My answer for economics generally and behavioral economics specifically is exactly Tyler's: "culture".

To try to be slightly more specific: I basically see cultures as collections of norms and methods of norm enforcement.  There are various types of norms (but note that particular norms do not often fall clearly into exactly one bucket):

  1. Coordination norms, like which side of the street to drive on, are fairly well understood both in origin and enforcement (i.e. self-enforcing).
  2. Social enforcement of norms that provide public goods (e.g. littering) is getting to be fairly well understood. But which public goods are provided by norms and how this comes to be is utterly mysterious and of utmost importance. There are lots of pieces of the puzzle identified but not put together at all.

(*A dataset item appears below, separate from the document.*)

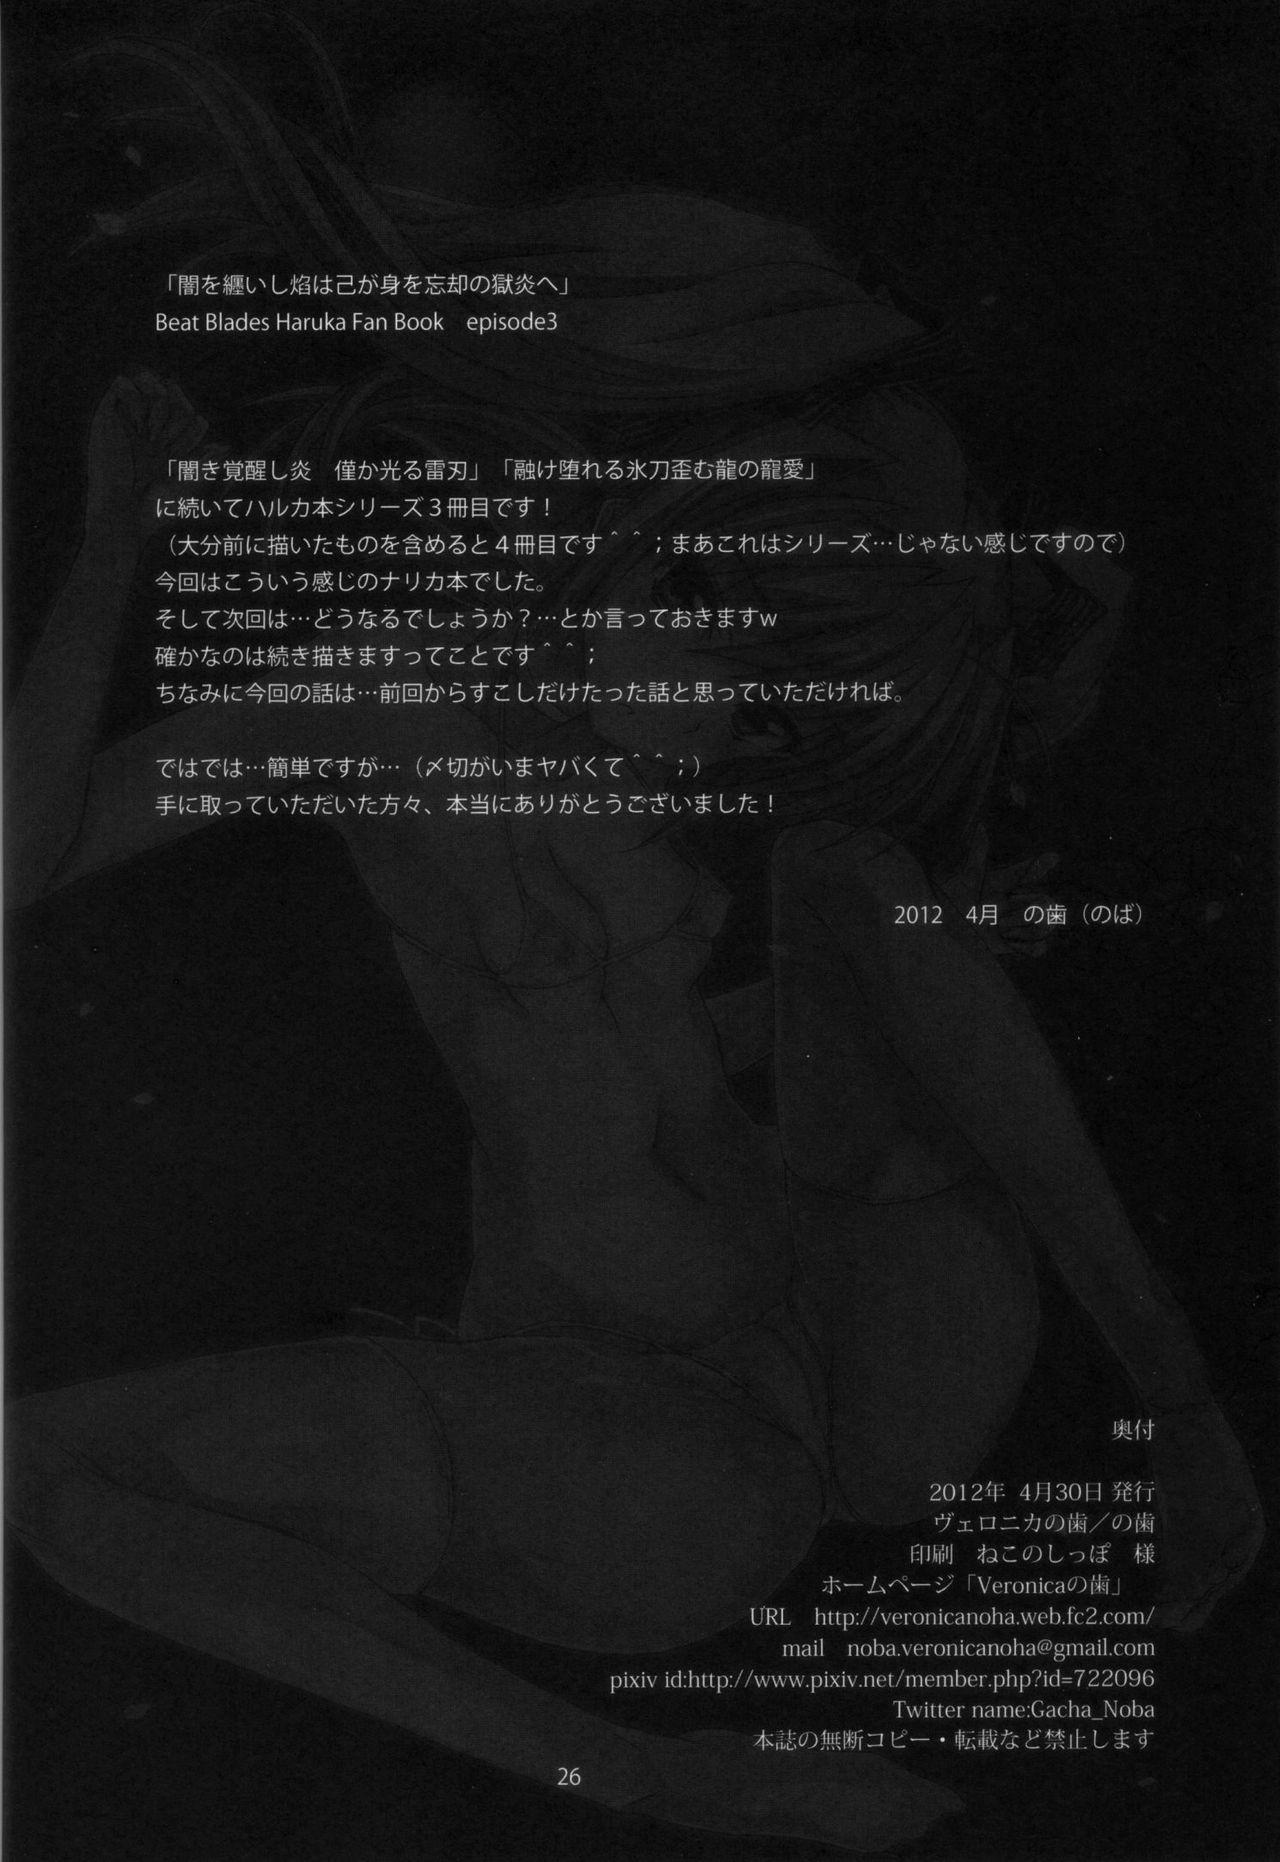 Trans Yami wo Matoishi Homura wa Ono ga Mi wo Boukyaku no Gokuen e - Beat blades haruka Brazzers - Page 25

  3. Norms for division of goods (splitting the pie) is a sort of subcase of #2 but it's a weird area of study because these are some of the simplest and most universal norms yet the theories (e.g. Binmore's) of them are some of the most complex. It's really really interesting, but almost overkill.
  4. There are also many norms that are better described as heuristics for dealing with uncertainty and limited information (don't pick up hitchhikers; eat breakfast), and I don't think the selection and enforcement of these norms is at all well understood, nor given serious attention. I'm sure most are written off as individual heuristics, but the degree of social enforcement and arbitariness suggest to me something more is going on that just judgmentally inferring bad things about other people from their stupid decisions. I could be wrong. At the very least, the individual motivations for adhering to these norms are closely related to individual motivations for adhering to cooperative norms, so the literatures are intertwined.
  5. Lastly there are norms that are completely arbitrary, don't fit in any of the above categories, and exist solely for signaling value, like wearing ties to weddings. These are not very mysterious, in the same way that sexually selected traits are arbitrary but evolutionarily well understood.
In summary I'd say the most important and mysterious unanswered question of economics is the point from #2: which cooperative norms are chosen to be enforced and how does this come about?